Even here, however, the overdue victory was muddled by the dissenting voice of Judge Lehman, who, in fairness, acknowledged that he didn’t understand the compulsion that is golf:
“Though, like the trial justice, I am not learned in golf, my acquaintance with golf players leaves no doubt in my mind but that the failure to deliver to the plaintiff a golf club to which he was attached substantially deprived him of the enjoyment of his vacation. It is, therefore, in no spirit of levity but rather in a spirit of sympathy that I have reached the conclusion that, while the award of one cent damages can in no degree compensate him for his loss of pleasure, it is not in any legal sense inadequate. The law gives to the plaintiff no balm for his outraged feelings but merely attempts to reimburse him for the value of the use of the club during the time when he was wrongfully deprived of its use. The rental value during the interim would ordinarily furnish a full and sufficient compensation, but I am informed by my associates learned in golf as in all other things that when a golfer has found a club peculiarly adapted to his own physique and style the value of the use of that club cannot be estimated by its rental value to some other person, for no real golfer could be content with golf clubs picked out at random.
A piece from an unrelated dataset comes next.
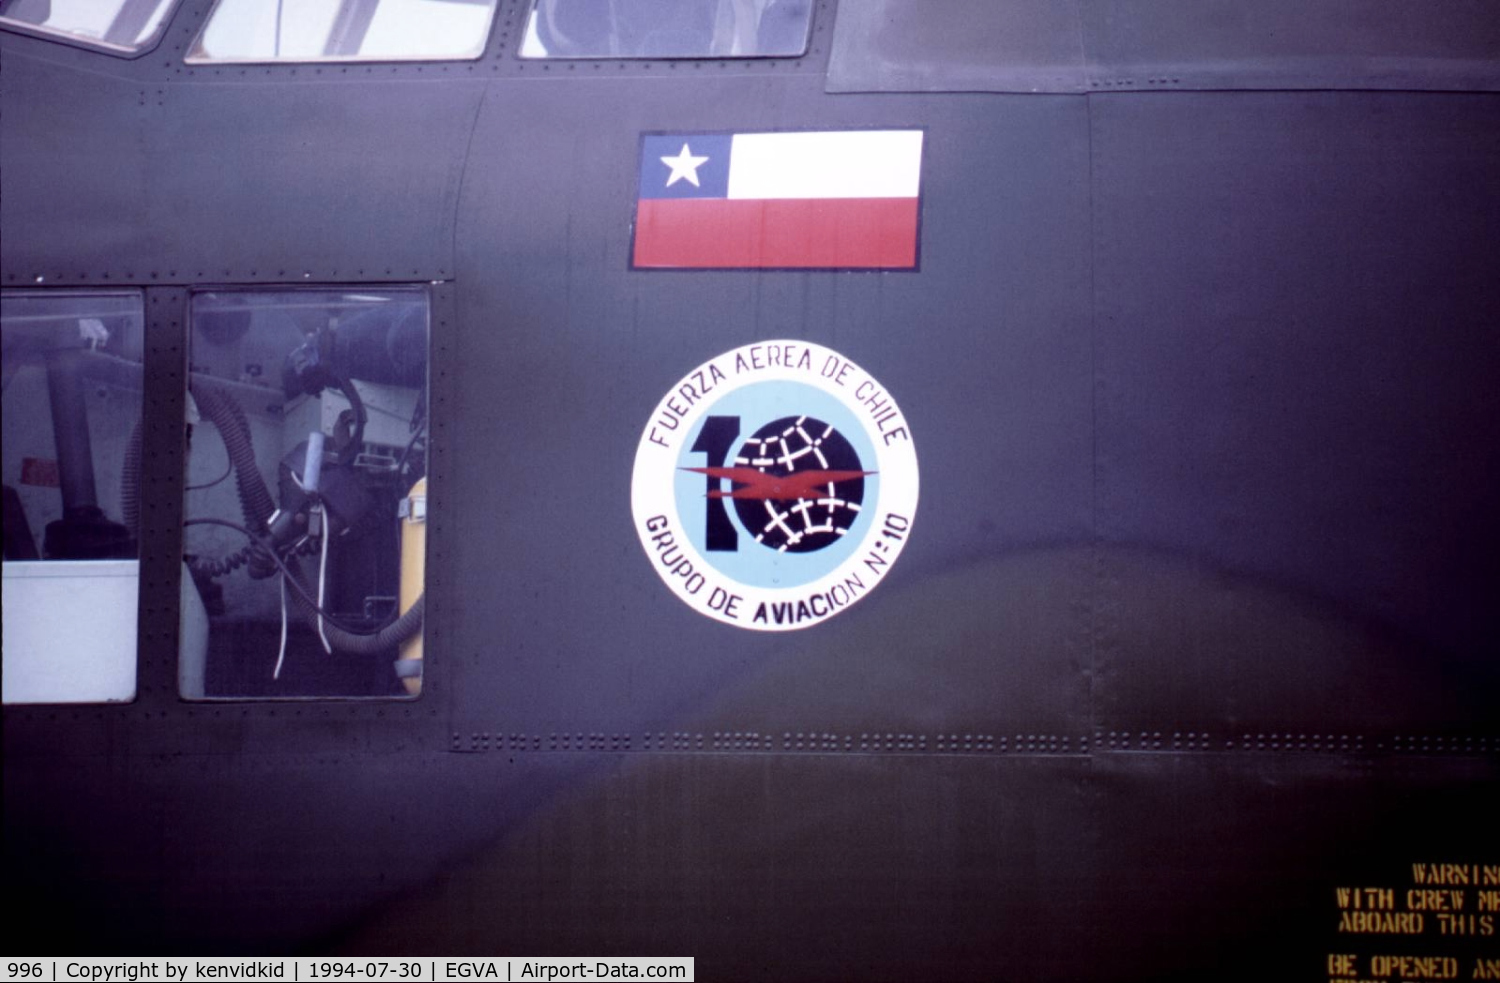 996, 1972 Lockheed C-130H Hercules C/N 382-4496, Chilean badge detail.

“It would rather appear that such clubs have no rental value, and that if the plaintiff is limited to the recovery of the rental value then the trial justice correctly awarded merely nominal damages. It is true that the rental value is ordinarily adopted as the measure of damages merely because it does ordinarily furnish an adequate compensation for deprivation of use, but where the article is of a peculiar nature so that no substitute can be rented, and the deprivation of its use causes peculiar injury to the owner, he is entitled in a case where notice of its peculiar character and use was given to show its actual value to him. The plaintiff is entitled to the benefit of this rule, but on analysis of the injury suffered by the plaintiff and of the value of the club to him I find only injury to his feelings and value only as adding to his enjoyment, and these are elements of which our law, the creature of a materialistic age and race, takes no account.”